By Pedro Felipe (Own work) [CC BY-SA 3.0 ( or GFDL (], via Wikimedia Commons

A TransMilenio bus in Av. Caracas in Bogotá. Photo by Pedro Felipe (Own work) [CC BY-SA 3.0 ( or GFDL (, via Wikimedia Commons

By Ares Kalandides

In an interview for the Colombian newspaper El Tiempo – the Brazilian architect and urban planner Jaime Lerner, three times mayor of Curitiba and former governor of the State of Parana, Brazil – talked about cities and public transportation. Lerner, to whom UN granted the Maximum Environmental Award,  suggested that Bogotá should not build an underground (Metro) because as a means of transportation it “is a thing of the past.”

The issue revolves around the first metro line planned under one of Bogotá’s main avenues, which is supposed to link the North with the South. Bogotá’s planners and politicians have been trying to deal with the almost impossible task of organizing public transportation in a functioning, but also affordable way. The past few years have seen several measures  that include the coordination of the (chaotic) small private bus operators, the (adventurous and plagued with corruption allegations) extension of the Rapid Transit System TransMilenio and also plans for the new Metro lines.  It is Lerner who is attributed with first conceiving the now word-famous Rapid Transit System in 1974 in Curitiba.

Lerner says: “In Bogota, TransMilenio was a great achievement. […] I believe that […] we can reach better results than with a Metro. One can not condemn generations of people to await the construction of one or two lines of Metro, which is 50 times more expensive.”

I could not agree more. There are of course several advantages to a Metro: 1) It has a higher capacity than most other means of urban transportation; 2) It does not interfere with other modes of transportation (in particular the private car) ; 3) It does not separate the city in parts through barriers (as e.g. does the TransMilenio). Yet, the costs for a Metro are enormous and its high-end technology makes cities dependent on long-term contracts with large corporations. It is no wonder that it is such corporations who lobby for the construction of a Metro. And as Lerner says: “A line will not solve anything and a Metro line will never replace a complete transportation system.”

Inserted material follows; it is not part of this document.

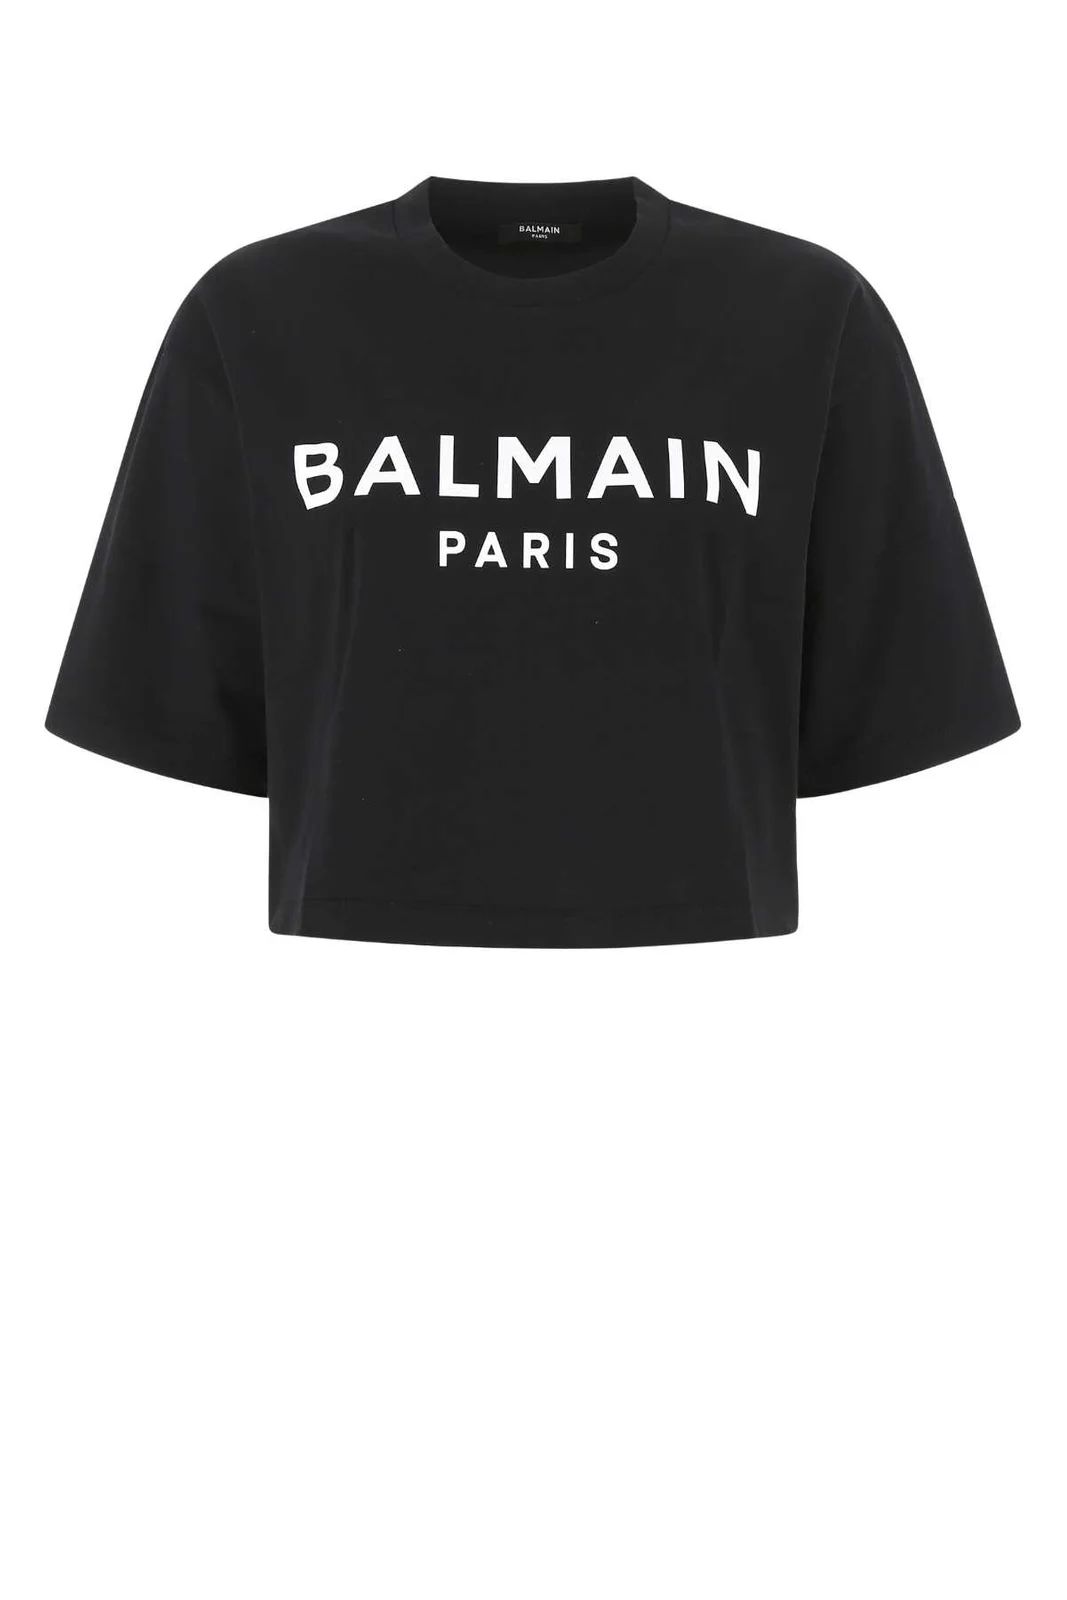 Balmain Logo Printed Cropped T-Shirt | Cettire Global

Lerner continues: “The Metro is a thing of the past and more so if it is underground. The future of mobility is on the surface, relying on a system of electric buses with increased capacity and no rails […]. Likewise, we must design mobility networks and not only make corridors. When the underground systems were built years ago in Paris, Moscow or New York, it was cheaper to work underground. Now it is very expensive. In Rio de Janeiro, planning for  the Olympic Games in 2016, we proposed building more busways, for example. I think they work very well.”

I encountered severe criticism against the TransMilenio when I was in Bogotá. Most of it was about the TransMilenio always being too crowded and unsafe. Regarding the latter objection, there are no reasons why a Metro would be any safer and as for the former one, it is simply a proof that there are not enough lines. Lerner says: “These systems need to be extended constantly and it also takes a commitment to constant innovation. It is always possible to improve them. Their crisis is due they are poor design or  poor operation.”

Cities of the size of Bogotá (officially about 7 million people, inofficially maybe 8 or 9), need different systems than the ones we know in smaller ones.  “In the world there are 176 cities with TransMilenio like systems and mobilizing Curitiba 2,600,000 passengers a day. The London Underground moves 3 million, and costs are higher. We must then think about a domestic, surface system which would be highly integrated with the city. The important thing is not speed, but the frequency of routes.”

But thinking about transportation without considering urban planning in the broader sense is actually the real limitation. Highly socially or functionally segregated cities experience particular strong commuter movements. These can be between the centre and periphery (e.g. suburbs to business districts), between residential to commercial areas or between residential areas of domestic labourers (usually in the poorer parts of the city) and the areas where they work (the homes of the more affluent) – and many others. In a city which has been left to develop or – even worse – has been planned that way, trying to organize transportation will always be an impossible task.

That is why, I firmly believe that any discussion on public transportation that does not question the way we plan cities as a whole, is bound to fail.